Task prompt -> Below is a block of entries, which should be copied verbatim apart from the pictures.

┌─ Dataset excerpts

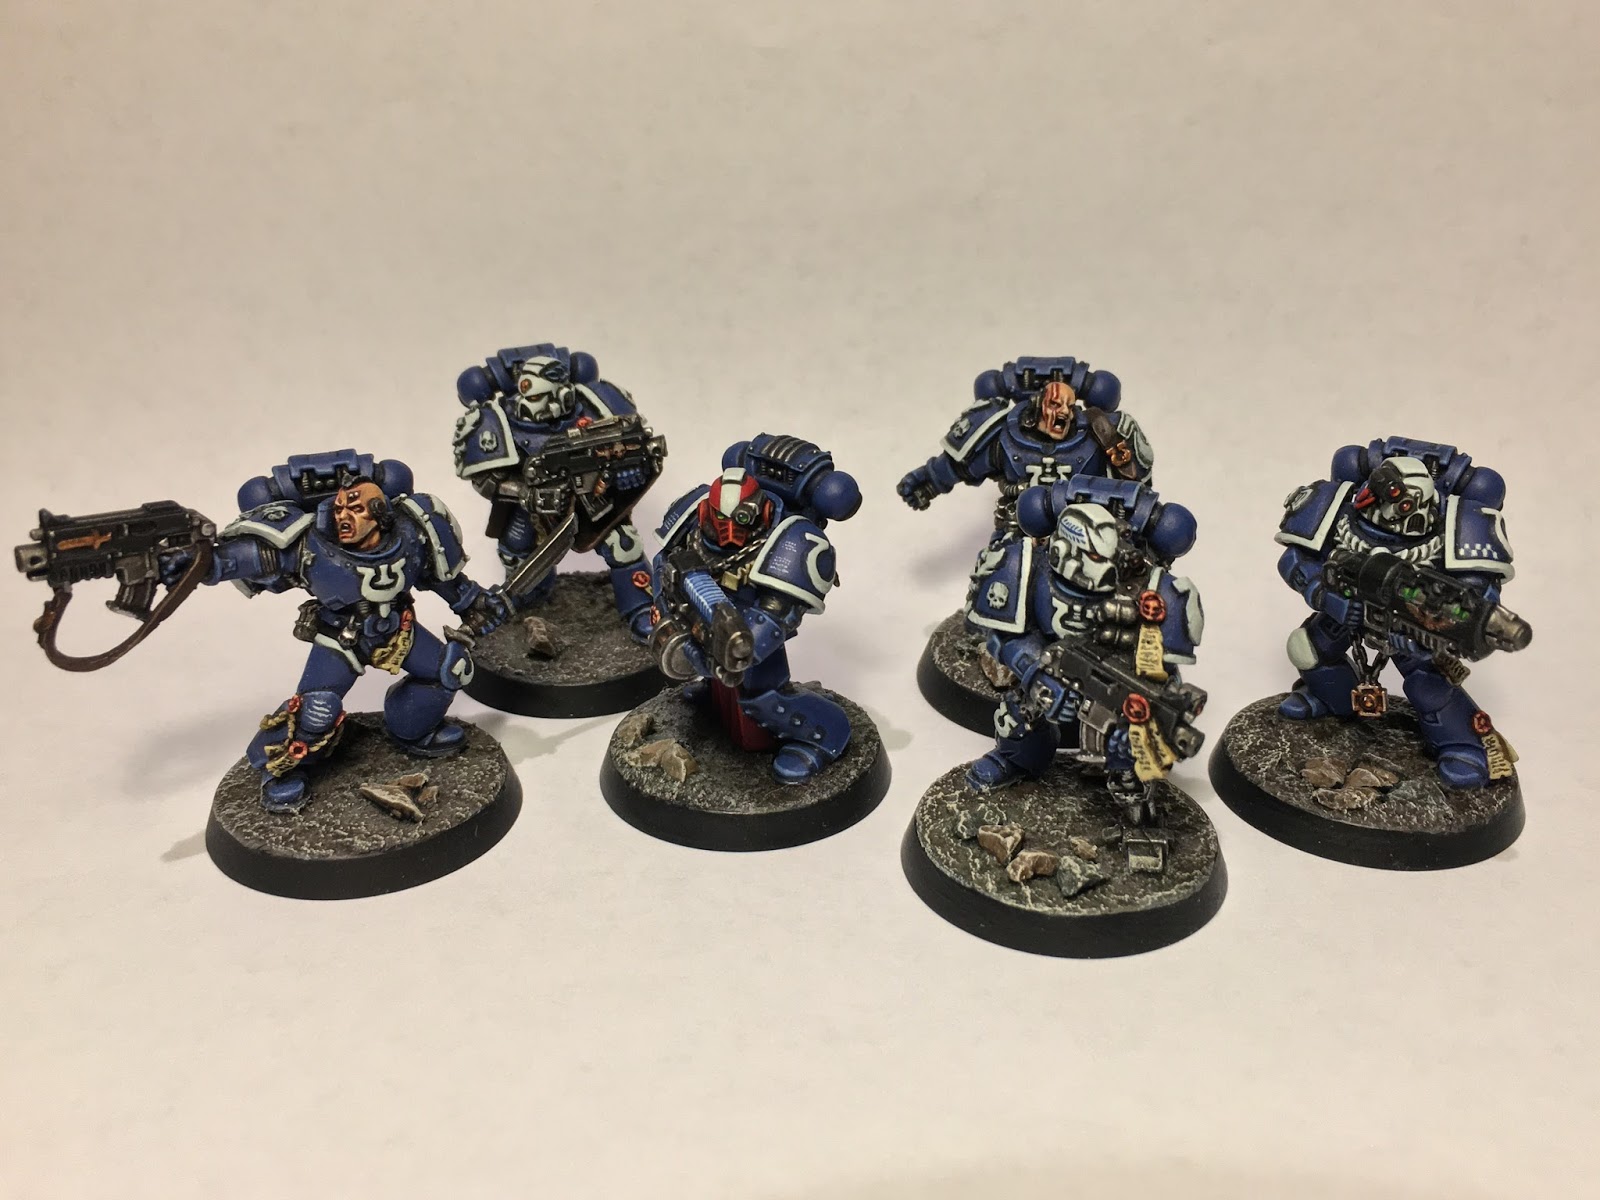 Ever since I first saw the Tyrannic War Veteran models back in 2007, I was ...
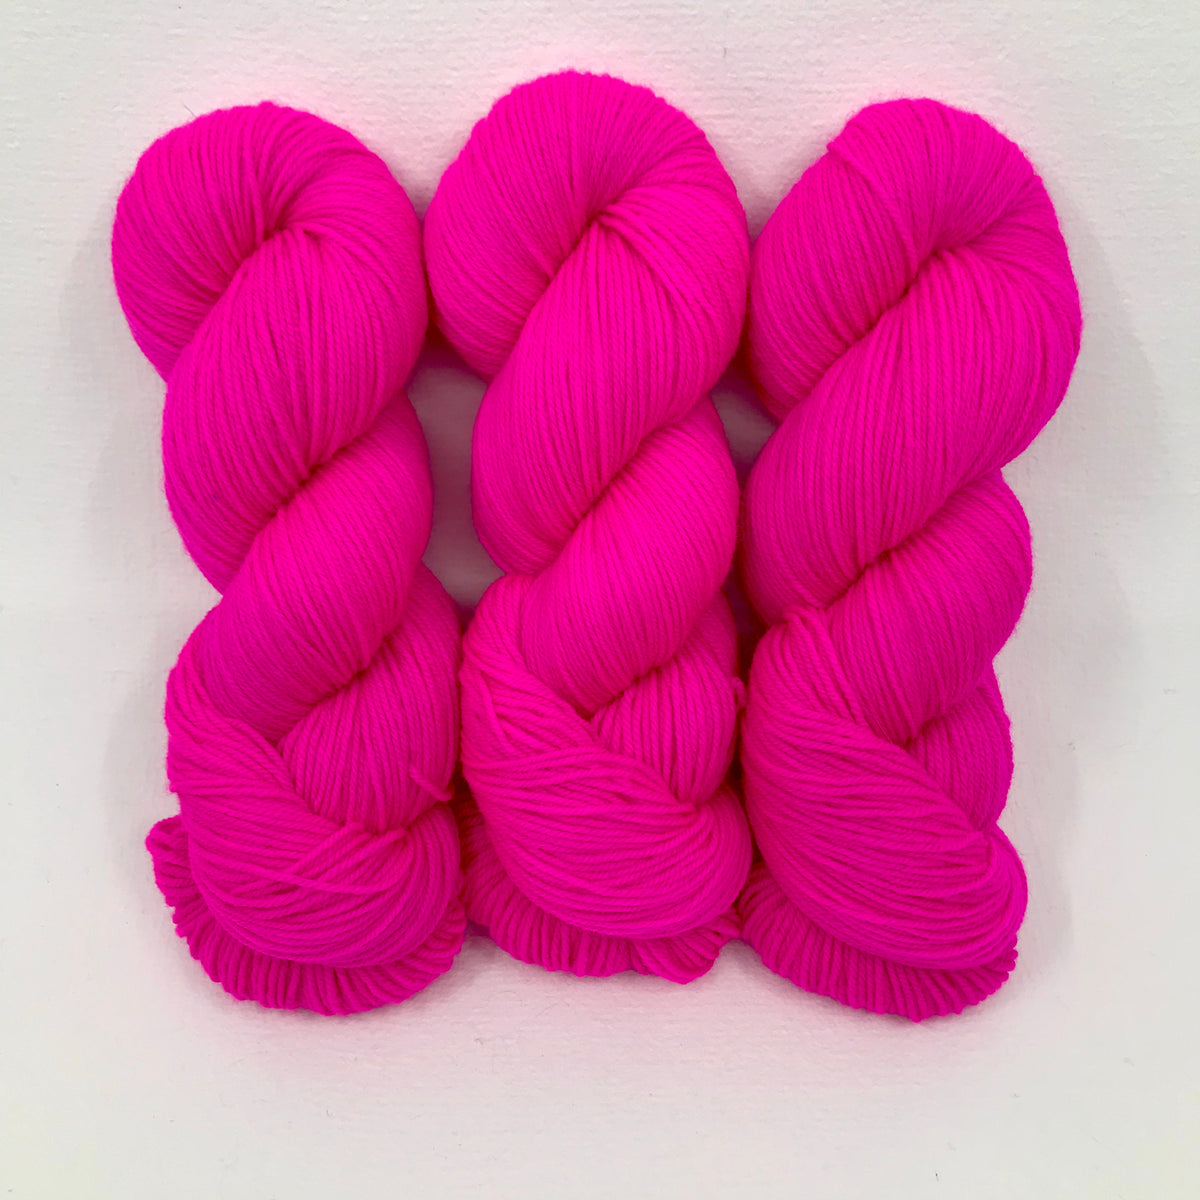 Pink Light Sabre - Passion 8 Fingering - Dyed Stock
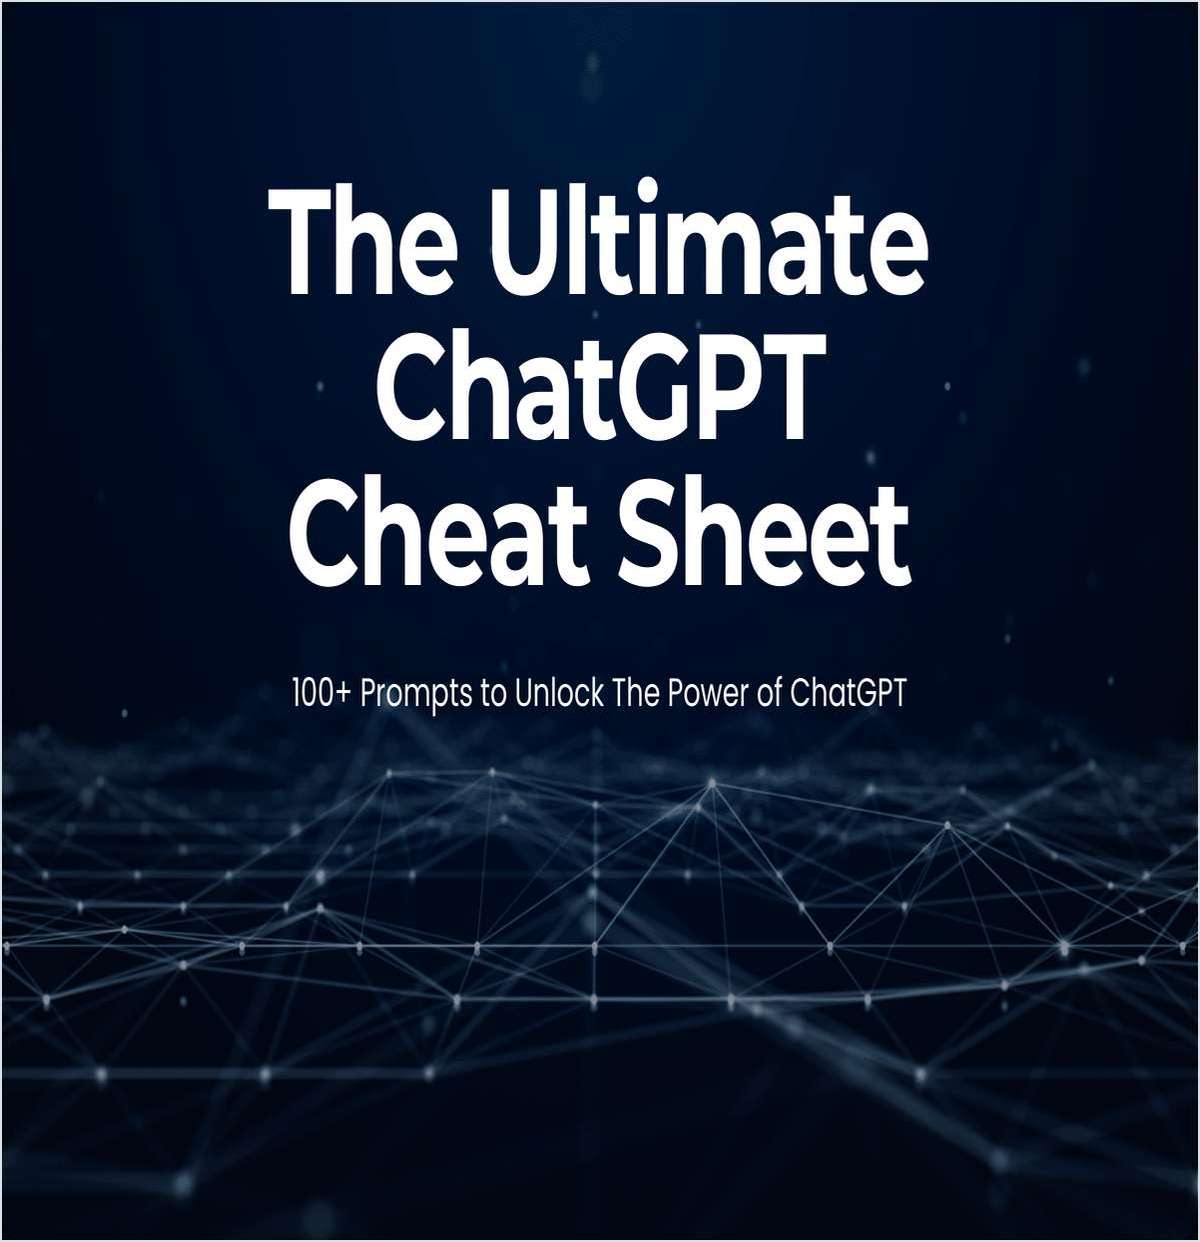 The Ultimate ChatGPT Cheat Sheet
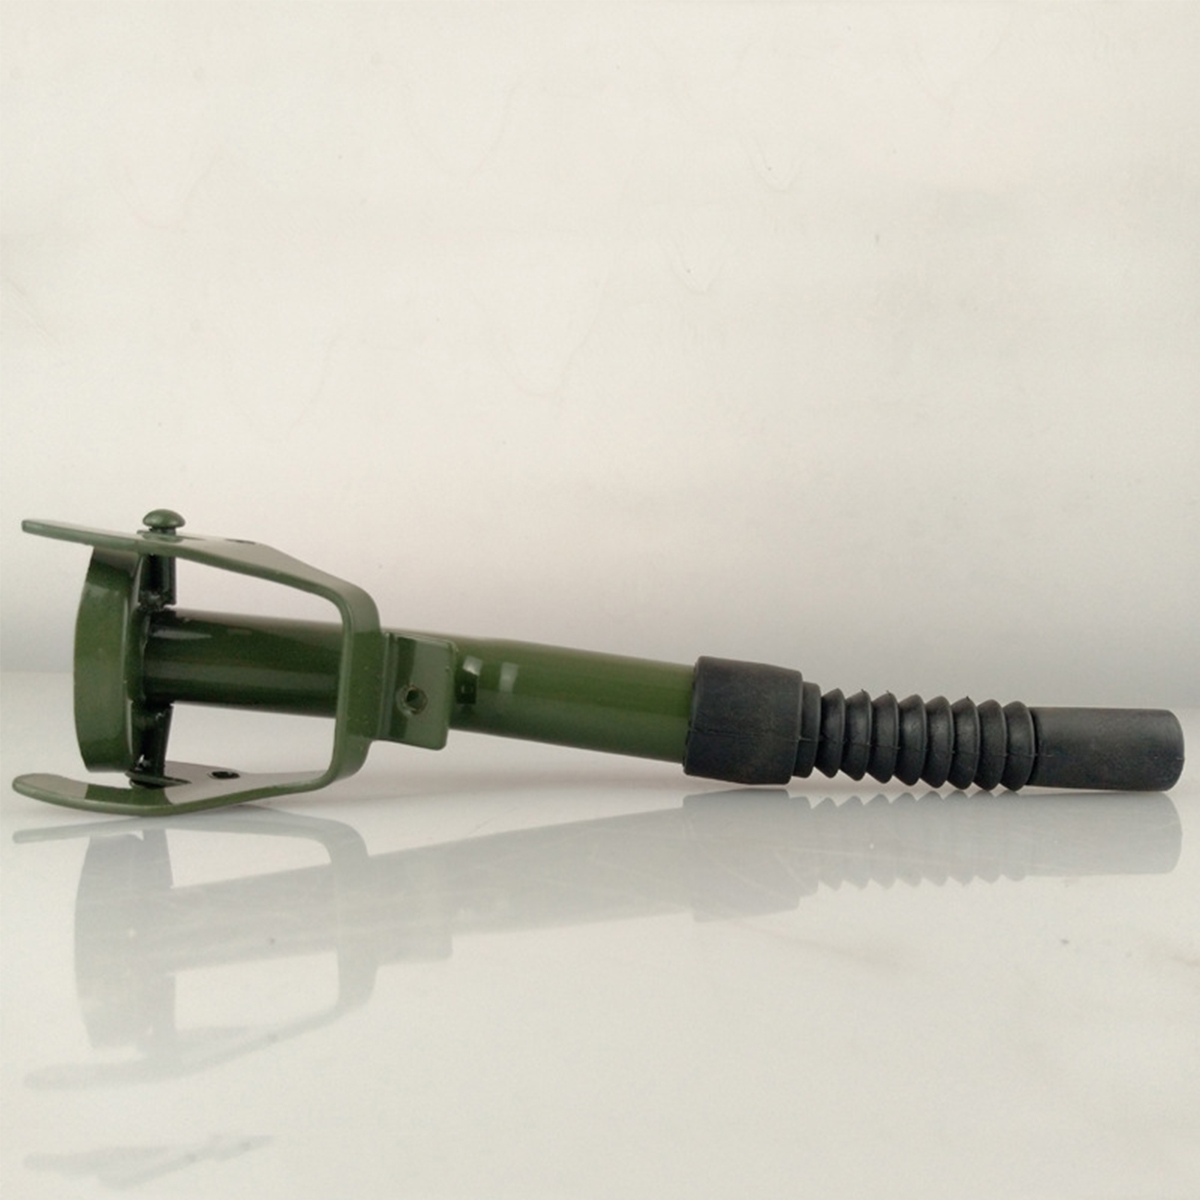 Black-Metal-Jerry-Can-Gas-Canister-Rubber-Nozzle-Spout-Military-Style-Clamp-20L-1600813-4
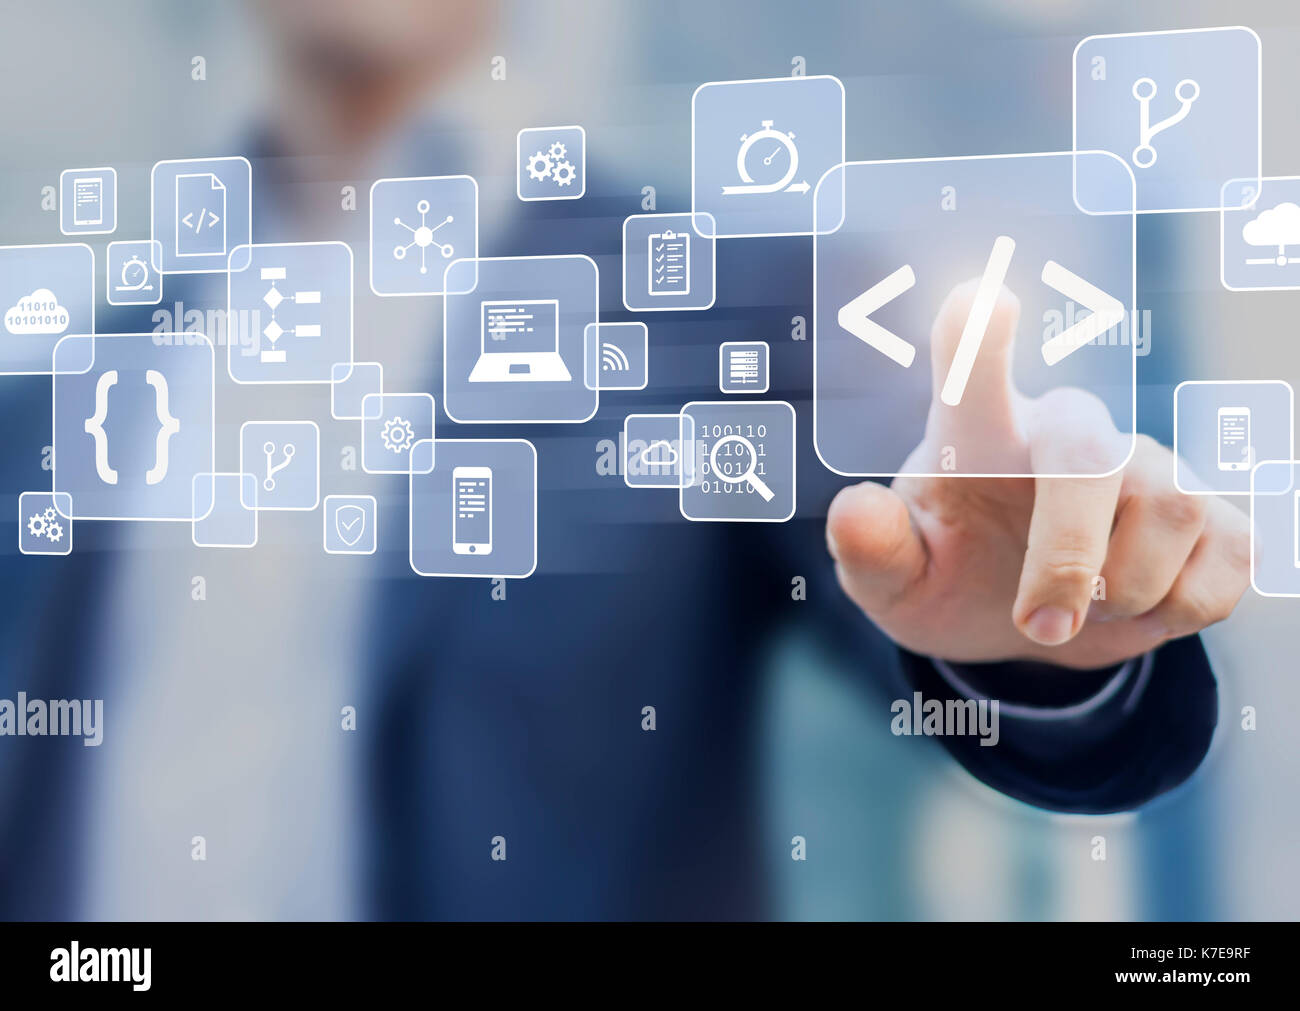 Coding concept with software developer touching code symbol and icons Stock Photo
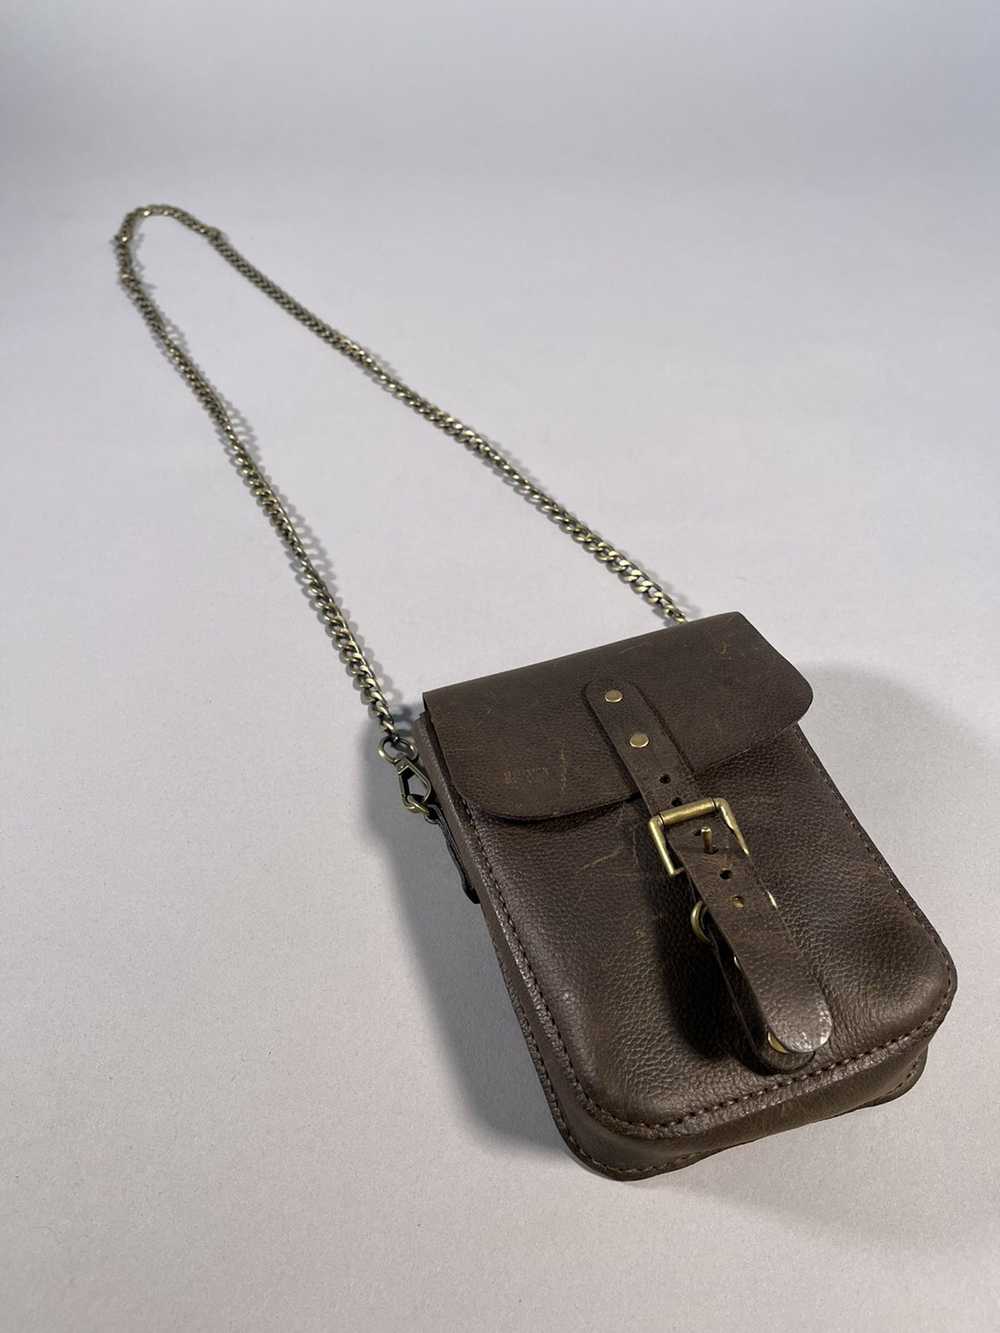 Leather × Vintage Vintage Leather Bag with Chain - image 3

└─

Solution to the exercise ->
 Ever since I first saw the Tyrannic War Veteran models back in 2007, I was ...
 Pink Light Sabre - Passion 8 Fingering - Dyed Stock
 The Ultimate ChatGPT Cheat Sheet
 Black-Metal-Jerry-Can-Gas-Canister-Rubber-Nozzle-Spout-Military-Style-Clamp-20L-1600813-4
 Coding concept with software developer touching code symbol and icons Stock Photo
 Leather × Vintage Vintage Leather Bag with Chain - image 3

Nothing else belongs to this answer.